Но даже если бы Голт знал, что будет раздавлен историей, он бы все равно был благодарен Глефоду. Минутное милосердие, жалкое и ничтожное, значило для него больше, чем могучий рок, определяющий жизнь.

Именно поэтому Голт и был одним из двухсот тридцати двух. И кто понимал это лучше, чем его капитан?

— Ты можешь бояться, если тебе страшно, — продолжил Глефод, ибо потому хотел сказать много, что многое стремился услышать сам, — смеяться, если тебе весело, и плакать, если тебе грустно. Тебе не нужно коверкать душу, чтобы мы любили и принимали тебя. Не стыдись страха смерти и не вини себя, если не сможешь убить сам. В подлинном мире, где все так, как должно быть, нет нужды убивать и калечить, и когда хоть кто-нибудь отказывается это делать, тем самым он доказывает, что этот мир возможен, пускай и всего лишь на миг. Вспомни нашу легенду — она и есть кусочек этого мира. Разве сказано в ней об убийствах, о рваных ранах и расколотых черепах? «Враг отступил, понеся большие потери» — но это произошло от неразберихи, и кто-то, может быть, потерялся, да так, что его потом не нашли. Победа пришла от смелости, не от оружия. Ты смотришь на винтовку за моим плечом, на увеличитель силы, в который закована моя рука? Ты думаешь: это пустые утешения, сам-то он точно собрался убивать, а значит, мой главный позор — еще впереди, значит, мне только предстоит устыдиться по-настоящему, стоя в стороне от героев, испачканных во вражеской крови.
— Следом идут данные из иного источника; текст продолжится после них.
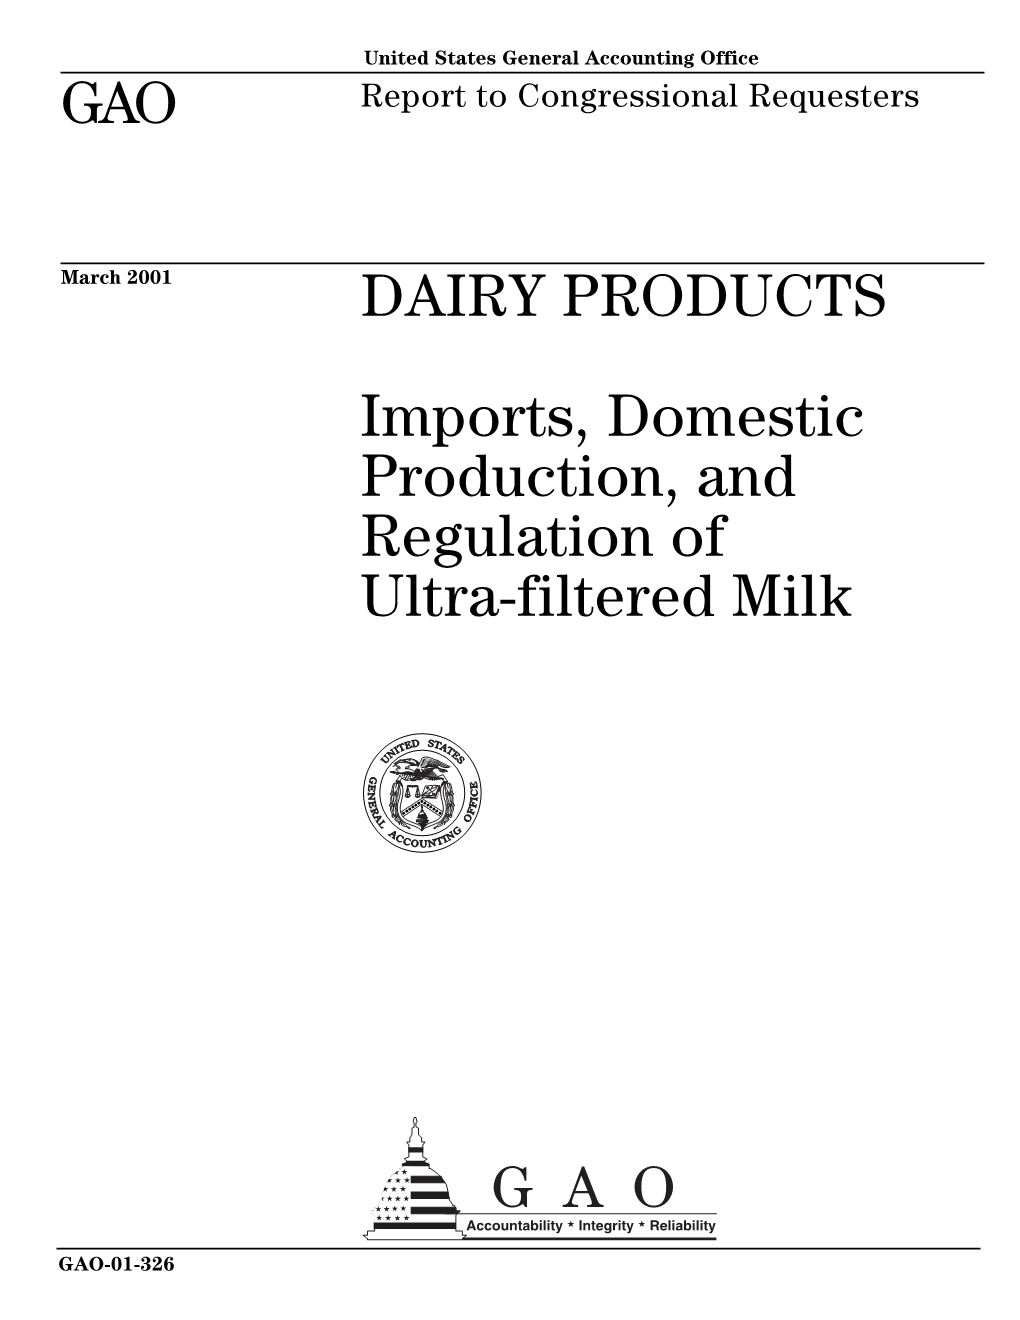 Imports, Domestic Production, and Regulation of Ultra-Filtered Milk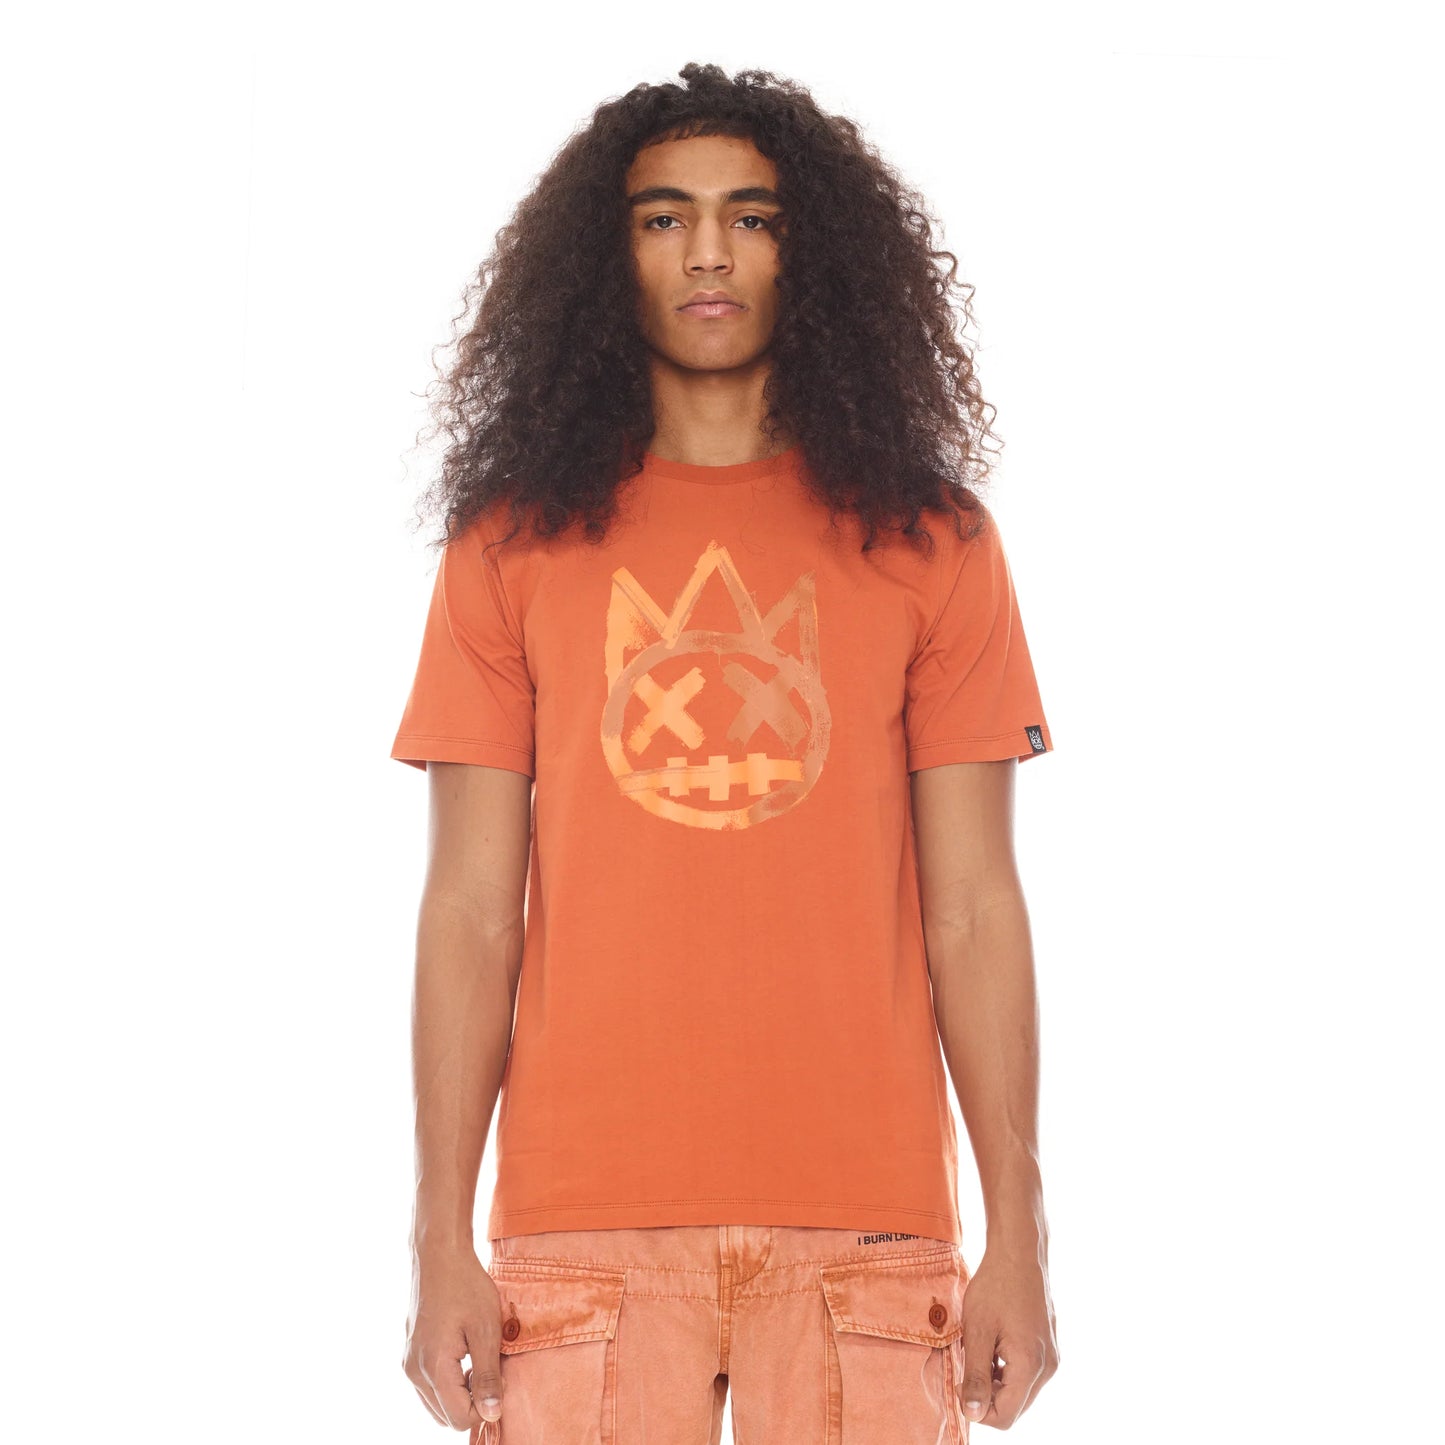 SHIMUCHAN BRUSHED LOGO SHORT SLEEVE CREW NECK TEE 26/1'S IN RUST

Но этого не будет, никто никого не убьет, ведь нам нужна победа, а вовсе не кровь и смерть. Мой отец стрелял в людей. Я, подражая ему, стрелял по крысам — хотя будь я крысой, я был бы против того, чтобы в меня стрелял какой-то капитан. Все это были игрушки, забавы человека, что никогда не двинется в бой. Но теперь, когда этот бой настал, я наконец-то понял, в кого мне стоит стрелять на самом деле.

Смотри: эта винтовка — последнее современное оружие, которое мы еще не отказались использовать. Чтобы ты воспрянул духом и поверил в нашу мощь и наше будущее, я клянусь тебе палить из нее лишь в воздух.

С этими словами Глефод действительно достал из-за плеча винтовку, щелкнул затвором, отчего Когорта нервно поежилась, нацелил ее в потолок и выстрелил. Посыпалась штукатурка, звук разнесся по пустому дому, вырвался из окон на улицу, и в ответ тут же заговорило соседнее здание, где разместил своих бойцов Гирландайо. Сноп лазерных лучей и эхо одинокого выстрела, две эти реплики встретились посередине пути, и первая беспрепятственно одолела вторую. Если бы убежище Глефода было живым, оно бы уже получило ожоги; к счастью, материал его составлял лучший гурабский бетон, а потому, едва безрезультатно отсверкали выстрелы Первого разведывательного батальона, с тем же успехом разбился о его стены и мегафонный голос лейтенанта, требующий одновременно назвать себя, сдаться, подробно рассказать о численности войск — словом, все, что один противник может потребовать от другого.

Взял мегафон и Глефод. Разговор не мог ничего изменить, зато ему было под силу внести в это противостояние ясность и сделать его еще более бессмысленным.

— Нет, мы не полк, — ответил он на вопрос Гирландайо. — Нас всего двести тридцать два, и за нами нет никакой армии. Мы — Когорта.

— Что за чушь! — крикнул Гирландайо. — Какая еще когорта? Немедленно говори, кто ты такой и что с тобой за люди!

— Мы — Когорта. — повторил Глефод. — Когорта Энтузиастов, и все.

— Ага! — сказал лейтенант. — Так вы всего лишь ополчение, авангард основных сил? С этого и надо было начинать! Небось, все гражданские, да? Проклятая династия: выгнала мирных людей на передовую, а сама заперлась во дворце, спряталась за чужие жизни…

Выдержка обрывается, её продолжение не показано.